BMC Pulm Med. 2023 Oct 3;23(1):370. doi: 10.1186/s12890-023-02663-6.
BACKGROUND: Acute kidney injury (AKI) can make cases of acute respiratory distress syndrome (ARDS) more complex, and the combination of the two can significantly worsen the prognosis. Our objective is to utilize machine learning (ML) techniques to construct models that can promptly identify the risk of AKI in ARDS patients. METHOD: We obtained data regarding ARDS patients from the Medical Information Mart for Intensive Care III (MIMIC-III) and MIMIC-IV databases. Within the MIMIC-III dataset, we developed 11 ML prediction models. By evaluating various metrics, we visualized the importance of its features using Shapley additive explanations (SHAP). We then created a more concise model using fewer variables, and optimized it using hyperparameter optimization (HPO). The model was validated using the MIMIC-IV dataset. RESULT: A total of 928 ARDS patients without AKI were included in the analysis from the MIMIC-III dataset, and among them, 179 (19.3%) developed AKI after admission to the intensive care unit (ICU). In the MIMIC-IV dataset, there were 653 ARDS patients included in the analysis, and among them, 237 (36.3%) developed AKI. A total of 43 features were used to build the model. Among all models, eXtreme gradient boosting (XGBoost) performed the best. We used the top 10 features to build a compact model with an area under the curve (AUC) of 0.850, which improved to an AUC of 0.865 after the HPO. In extra validation set, XGBoost_HPO achieved an AUC of 0.854. The accuracy, sensitivity, specificity, positive prediction value (PPV), negative prediction value (NPV), and F1 score of the XGBoost_HPO model on the test set are 0.865, 0.813, 0.877, 0.578, 0.957 and 0.675, respectively. On extra validation set, they are 0.724, 0.789, 0.688, 0.590, 0.851, and 0.675, respectively. CONCLUSION: ML algorithms, especially XGBoost, are reliable for predicting AKI in ARDS patients. The compact model maintains excellent predictive ability, and the web-based calculator improves clinical convenience. This provides valuable guidance in identifying AKI in ARDS, leading to improved patient outcomes.

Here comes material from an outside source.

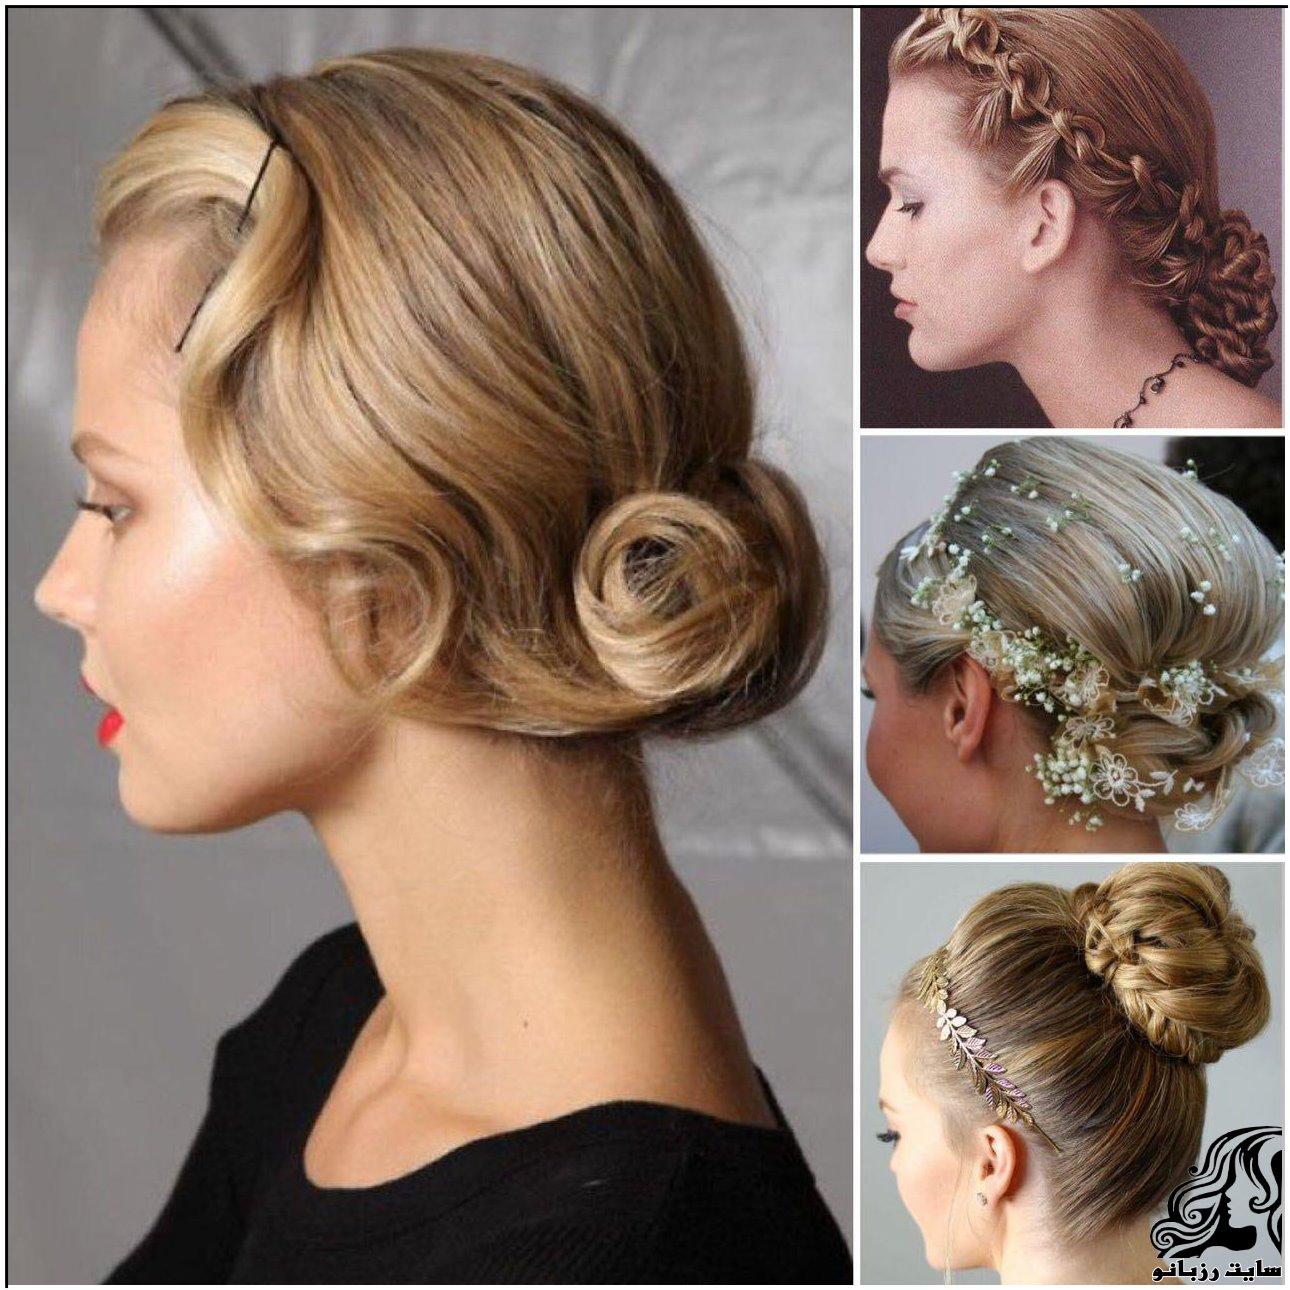 مدل های زیبای بافت مو به سبک رزبانو

背景:急性肾损伤 (AKI) 可使急性呼吸窘迫综合征 (ARDS) 病例更加复杂,两者结合可显著恶化预后。我们的目标是利用机器学习 (ML) 技术构建能够快速识别 ARDS 患者发生 AKI 风险的模型。
方法:我们从 Medical Information Mart for Intensive Care III (MIMIC-III) 和 MIMIC-IV 数据库中获取 ARDS 患者的数据。在 MIMIC-III 数据集内,我们开发了 11 个 ML 预测模型。通过评估各种指标,我们使用 Shapley 加性解释 (SHAP) 可视化了其特征的重要性。然后,我们使用较少的变量创建了一个更简洁的模型,并使用超参数优化 (HPO) 对其进行了优化。我们使用 MIMIC-IV 数据集对模型进行了验证。

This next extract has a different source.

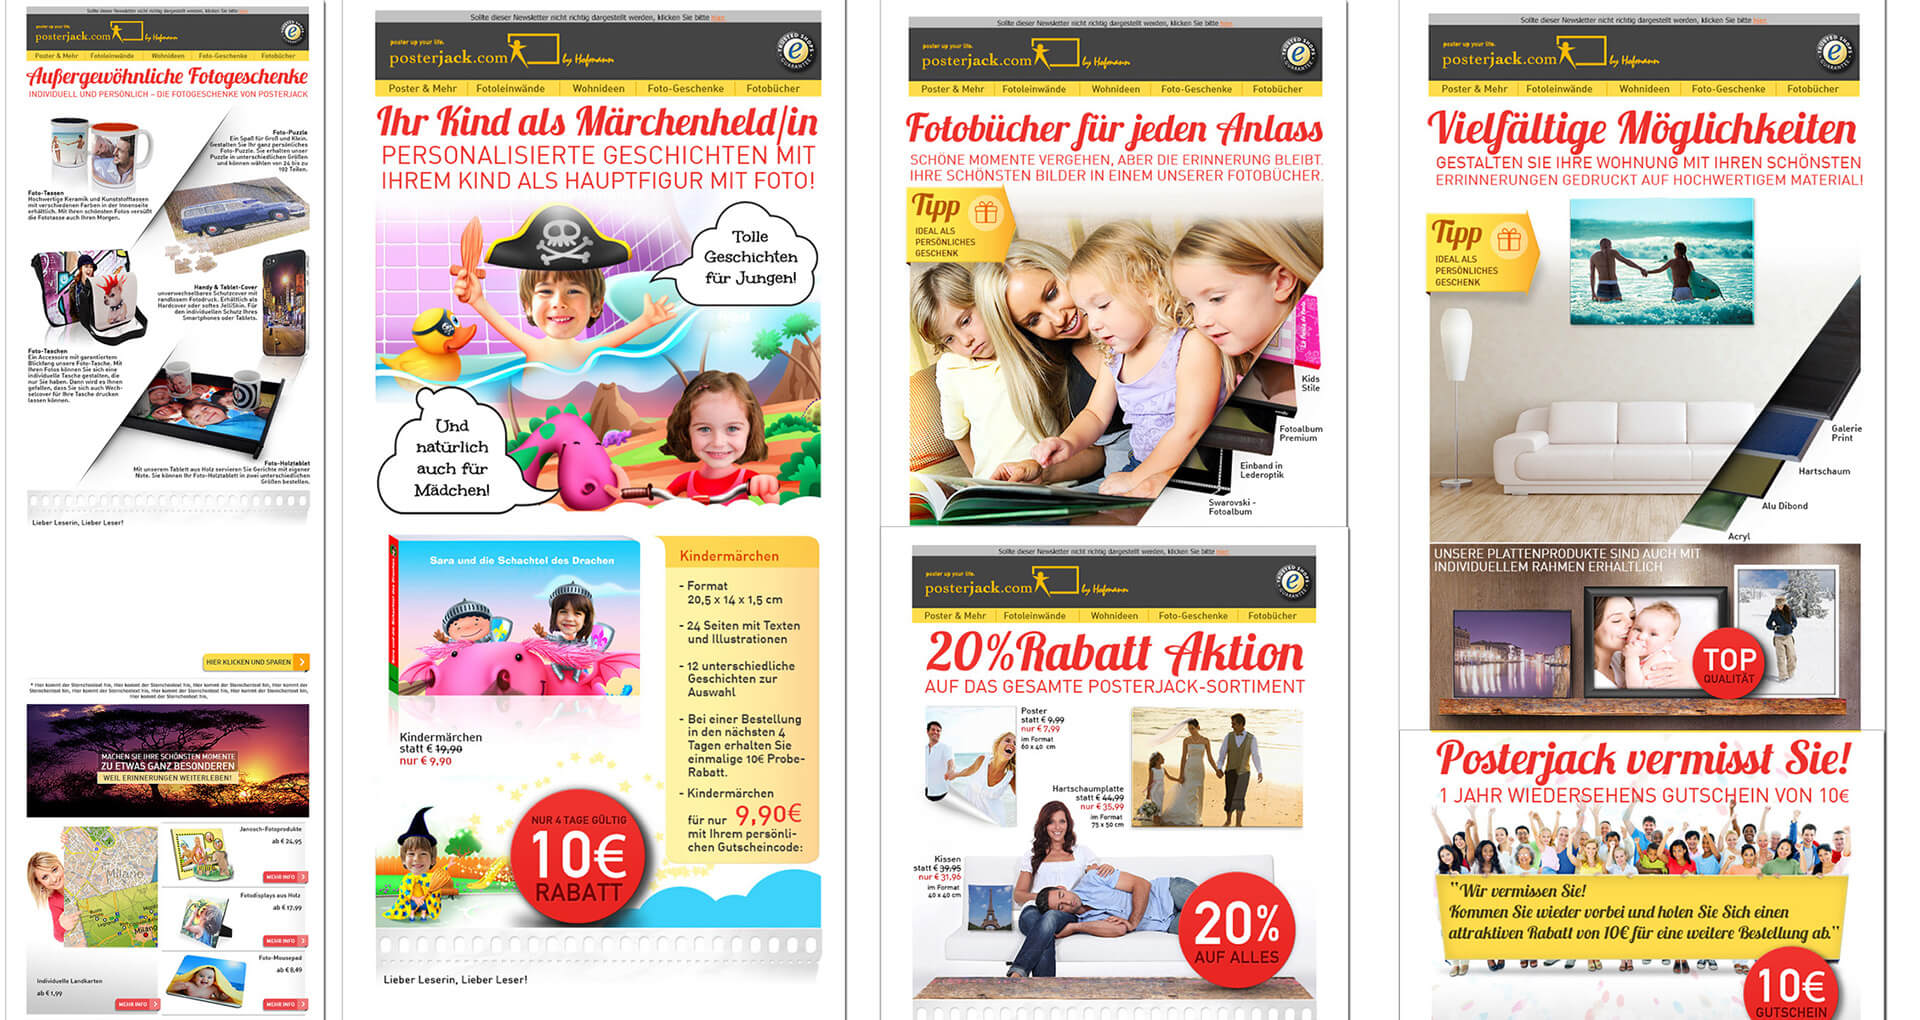 webdesign responsive seo sem online marketing wordpress html5 css newsletter banner 16

结果:MIMIC-III 数据集共纳入 928 例无 AKI 的 ARDS 患者,其中 179 例(19.3%)在入住重症监护病房(ICU)后发生 AKI。MIMIC-IV 数据集共纳入 653 例 ARDS 患者,其中 237 例(36.3%)发生 AKI。共使用 43 个特征构建模型。所有模型中,eXtreme gradient boosting (XGBoost) 表现最佳。我们使用前 10 个特征构建了一个 AUC 为 0.850 的紧凑模型,经 HPO 优化后 AUC 提高至 0.865。在额外的验证集中,XGBoost_HPO 的 AUC 为 0.854。XGBoost_HPO 模型在测试集上的准确率、敏感度、特异度、阳性预测值 (PPV)、阴性预测值 (NPV) 和 F1 评分分别为 0.865、0.813、0.877、0.578、0.957 和 0.675。在额外的验证集中,它们分别为 0.724、0.789、0.688、0.590、0.851 和 0.675。
结论:ML 算法,尤其是 XGBoost,可可靠预测 ARDS 患者 AKI 的发生。简洁模型保持了出色的预测能力,而基于网络的计算器提高了临床便利性。这为识别 ARDS 中的 AKI 提供了有价值的指导,从而改善了患者的预后。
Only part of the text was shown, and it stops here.